Thursday, April 23, 2015

Fly Fisherman’s March Madness

St. Patrick's Day Baetis
by Craig Amacker
Fontana Sports Store Manager & Fly Fishing Guru

The weather in March can be a crapshoot in the Driftless region of Wisconsin. It can be 65 degrees and sunny with folks wearing shorts and flip flops or we can still be in the icy grip of winter with two feet of snow and a high of 20. For the avid trout fisher, March is a great time to be on the streams because it’s not crowded, the bank grass is trampled flat and there are no gnats. The nymph and streamer fishing is also superb.

One element most folks overlook, however, is the dry fly fishing that can also be good under the right conditions with one fly in particular, the Blue Wing Olive or Baetis in Latin. While the best Baetis hatches occur in April, March is when things get started. According to my logs, the Baetis hatch usually starts on St. Patrick’s Day. St. Patrick’s Day became the magic start date many years ago after running into a couple fly shop guys from Chicago who went fishing to get away from the craziness of the holiday in Chi Town. All three of us had one of the best dry fly days of the year. It’s become a habit ever since to be on the stream that day looking for Baetis hatches and rising trout. There have been some interesting variances in start dates throughout the years. For example, in 2012 when it was freakishly warm, it started the beginning of March, and last year in the grip of the Polar Vortex it started March 20. The fact that last winter and spring were the coldest of the cold, and the hatch started only three days late is a testament to the hardiness of the Baetis. Though you’ll encounter some hatches on sunny days, the best conditions are overcast and drizzly because the adults stay on the water longer-read easier mealand the trout aren't as spooky.

The hatch won’t be heavy, but it will be good enough to get fish looking up and eating on top. You can make a game of it by hunting individual risers and in the early stage of the hatch, just put a fly over the fish after it rises once. More often than not, it will eat right away. Because this isn't “super hatch” fishing, you’ll know when a trout eats your fly rather than a natural, and you’ll experience a higher catch rate-to-cast ratio. This is great sport for folks who've just come back from their early spring Bonefish trip because they're in the right mindset to hunt and sight fish their query.

The gear for pursuing this hatch is pretty straightforward. First and foremost you need warm clothing, merino base layers, fleece, waders, fingerless gloves and a Gore-Tex rain jacket to have the staying power to be out in temperatures from 35-45 degrees. For tackle, an 8 1/2’ to 9’ 3 or 4 weight rod with a dull colored weight-forward fly line, and a 9’ 5X does the trick. Don’t have your leader too long or it won’t turn over properly and good turnover makes it easier for the near-sighted individual to see size 18 to 20 flies and track them on the surface.

My go-to fly for this pursuit is the Sparkle Dun in gray/olive color in sizes 18-20, and my CDC version of the same fly is good for high visibility on mirrored surfaces.
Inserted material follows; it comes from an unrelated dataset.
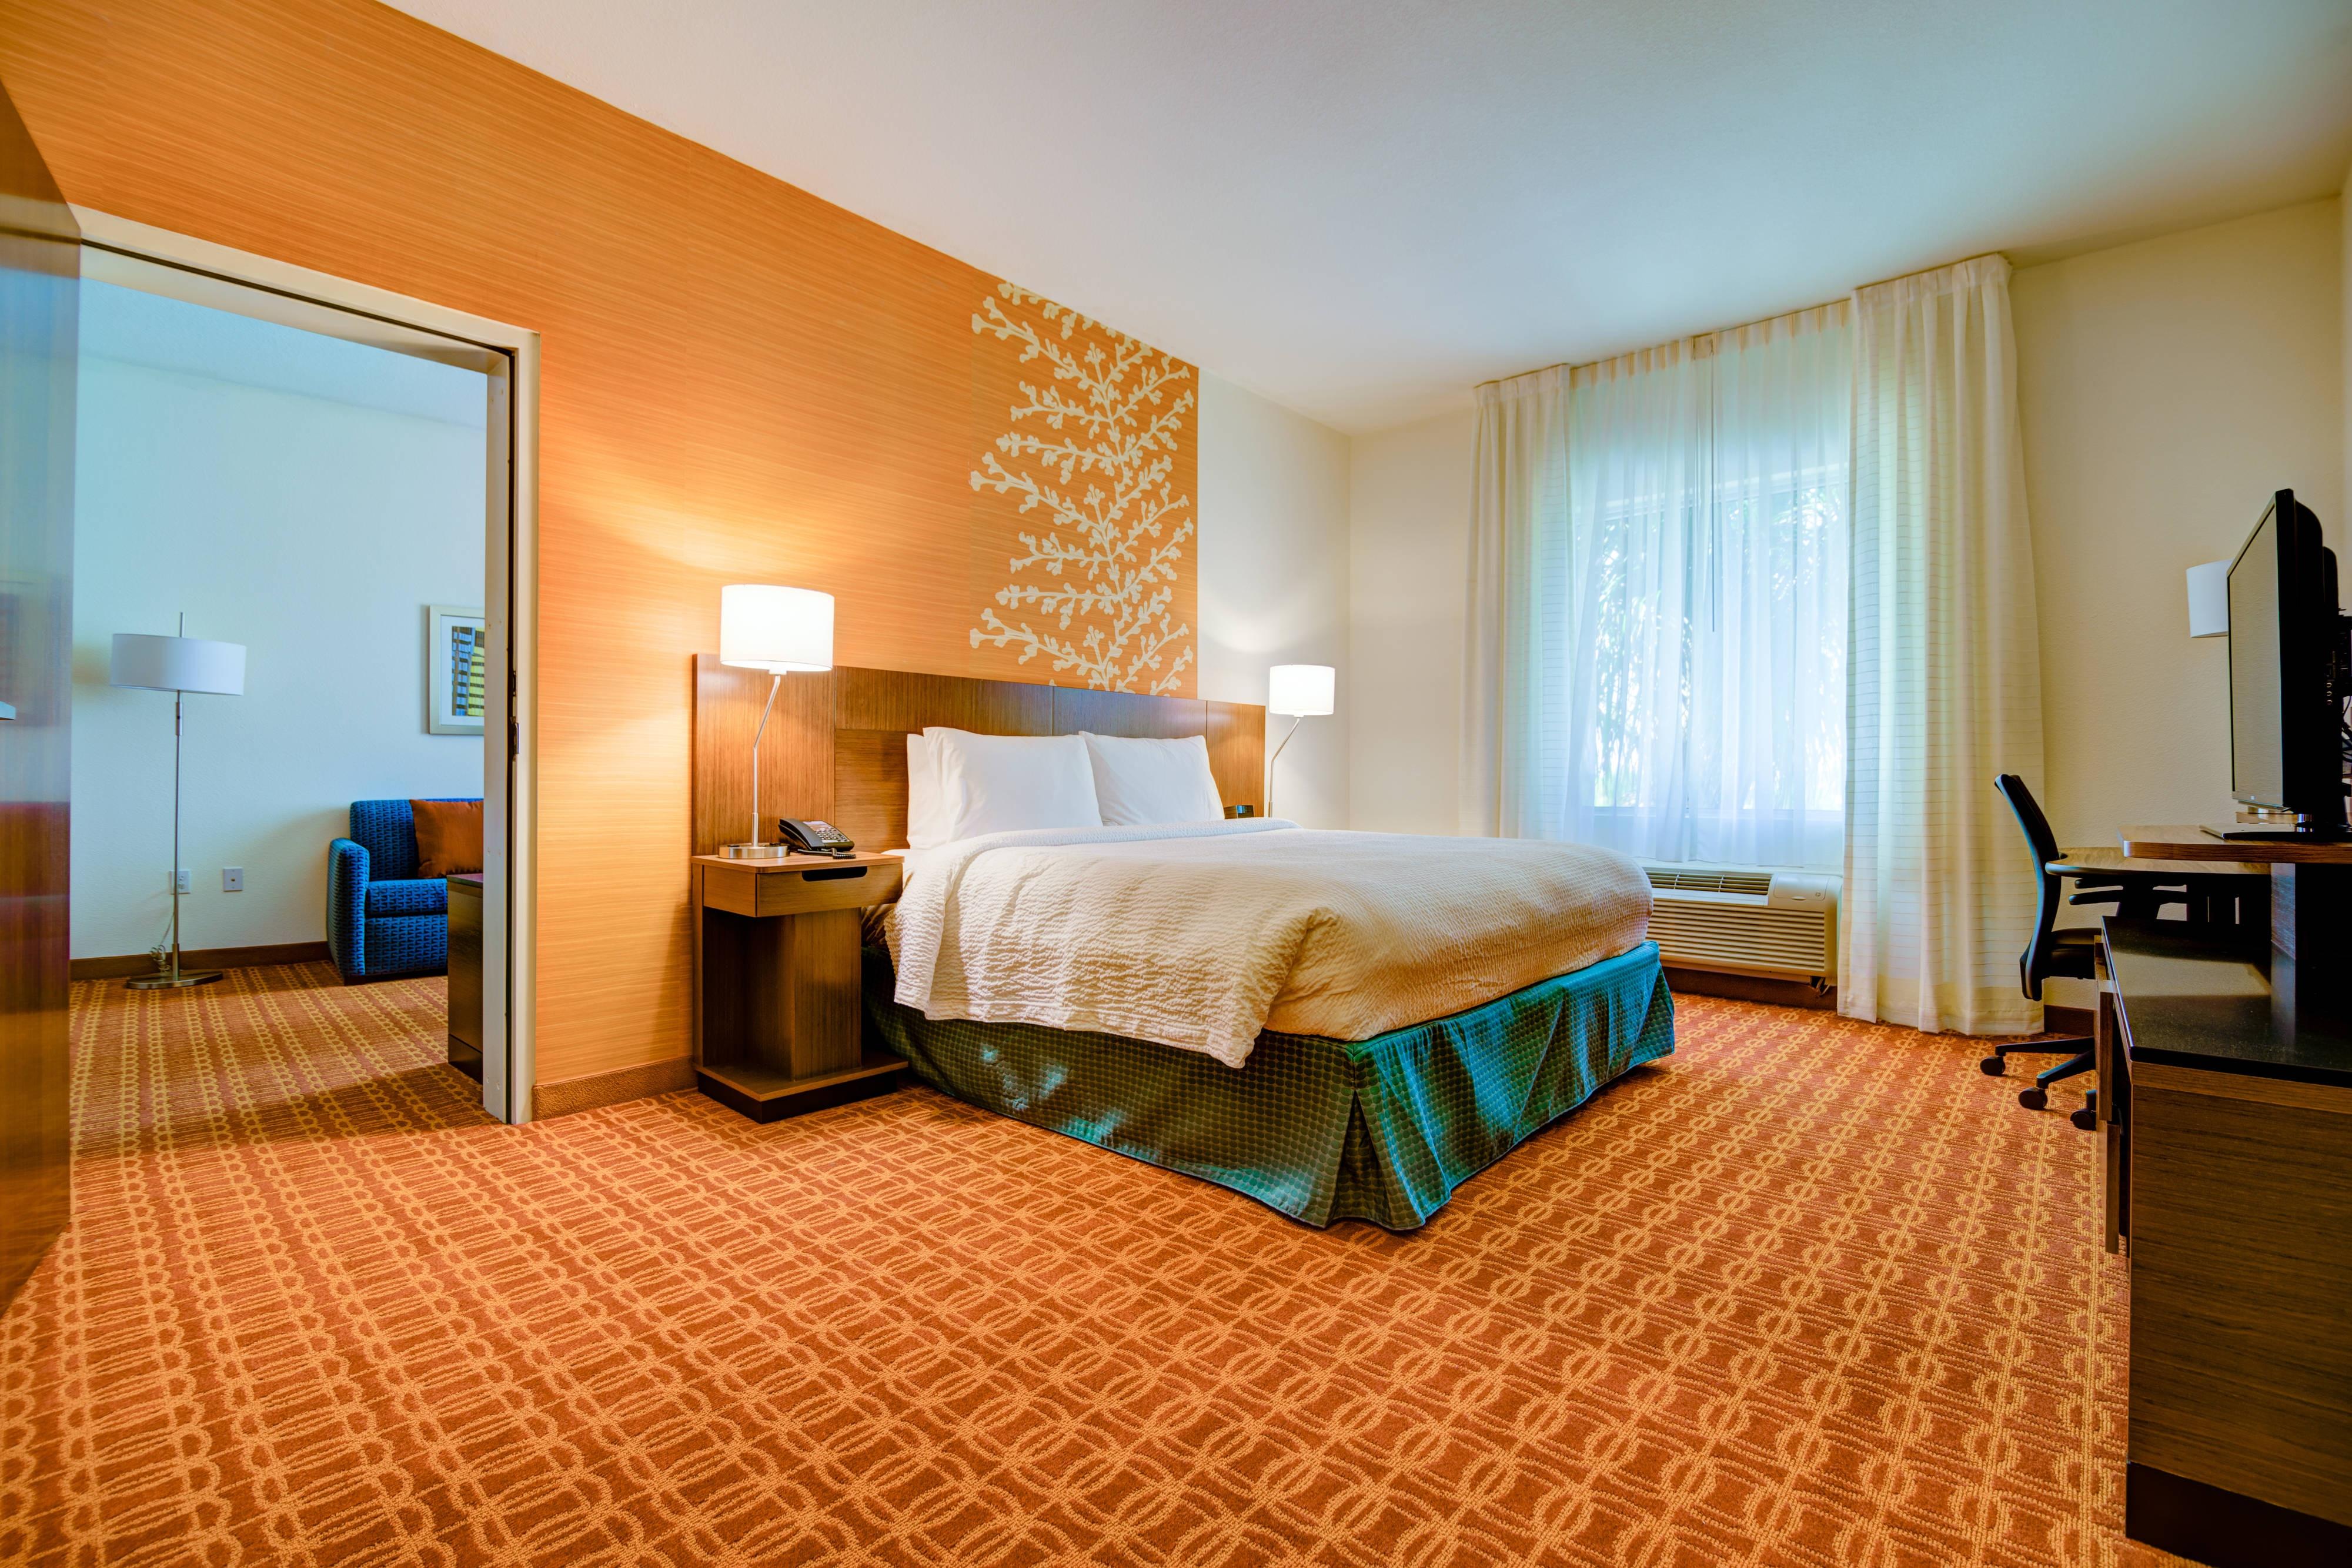 Suite del hotel en Delray Beach
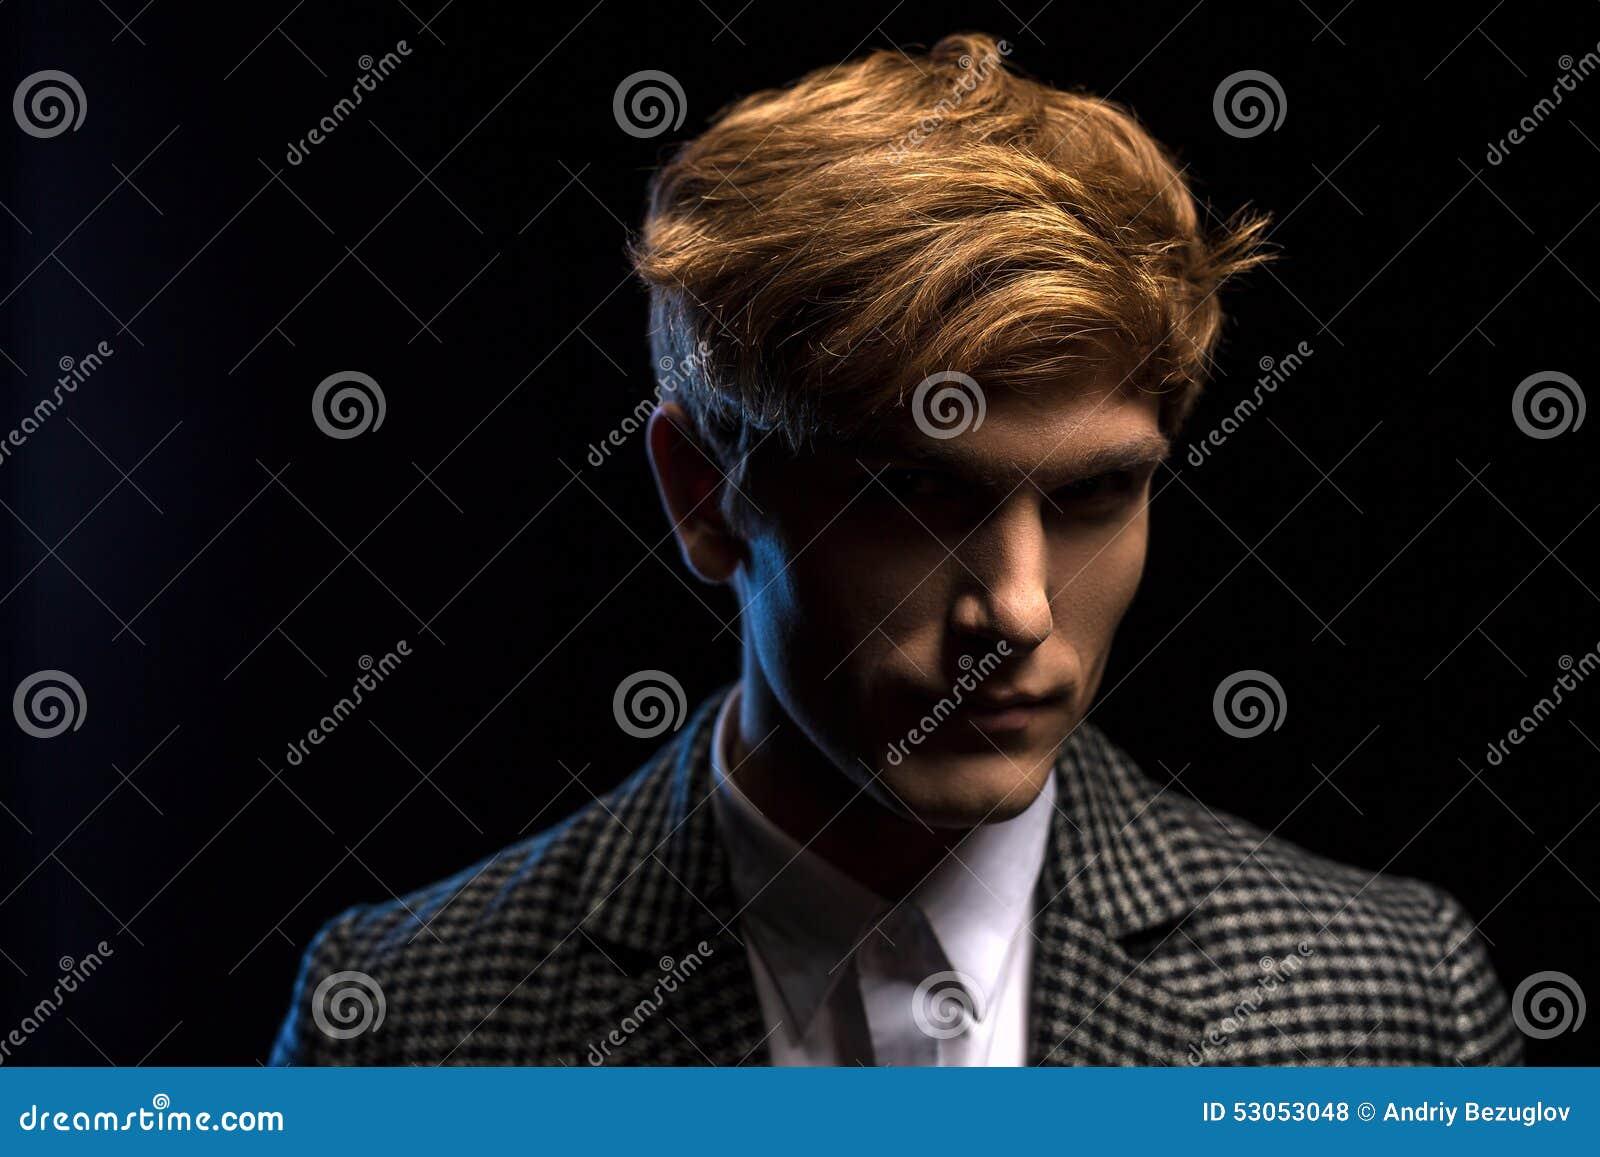 Retrato do indivíduo considerável ruivo em um preto

I like the Sparkle Dun because it’s a sparsely tied fly with a low profile that does double duty as an adult or emerger, depending on whether you grease the wing or whole body. If you like fishing droppers, you can tie 12 inches of 5X to the hook bend of the Sparkle Dun and attach a Pheasant Tail, Ju Ju Baetis Nymph, or Craig’s Big Green Baetis in sizes 18 to 20 behind it. This allows you to capitalize on fish that are eating the bugs ascending towards the surface and further maximize your catching opportunities.

Despite not being the magic air temperature of 50 degrees to bring everyone on-stream, I've had some really good dry fly days in March. While everyone else is celebrating St. Patrick’s Day with lots of Guinness or glued to the NCAA Basketball Championships, I’m experiencing my own form of “March Madness,” the first good dry fly fishing of the season.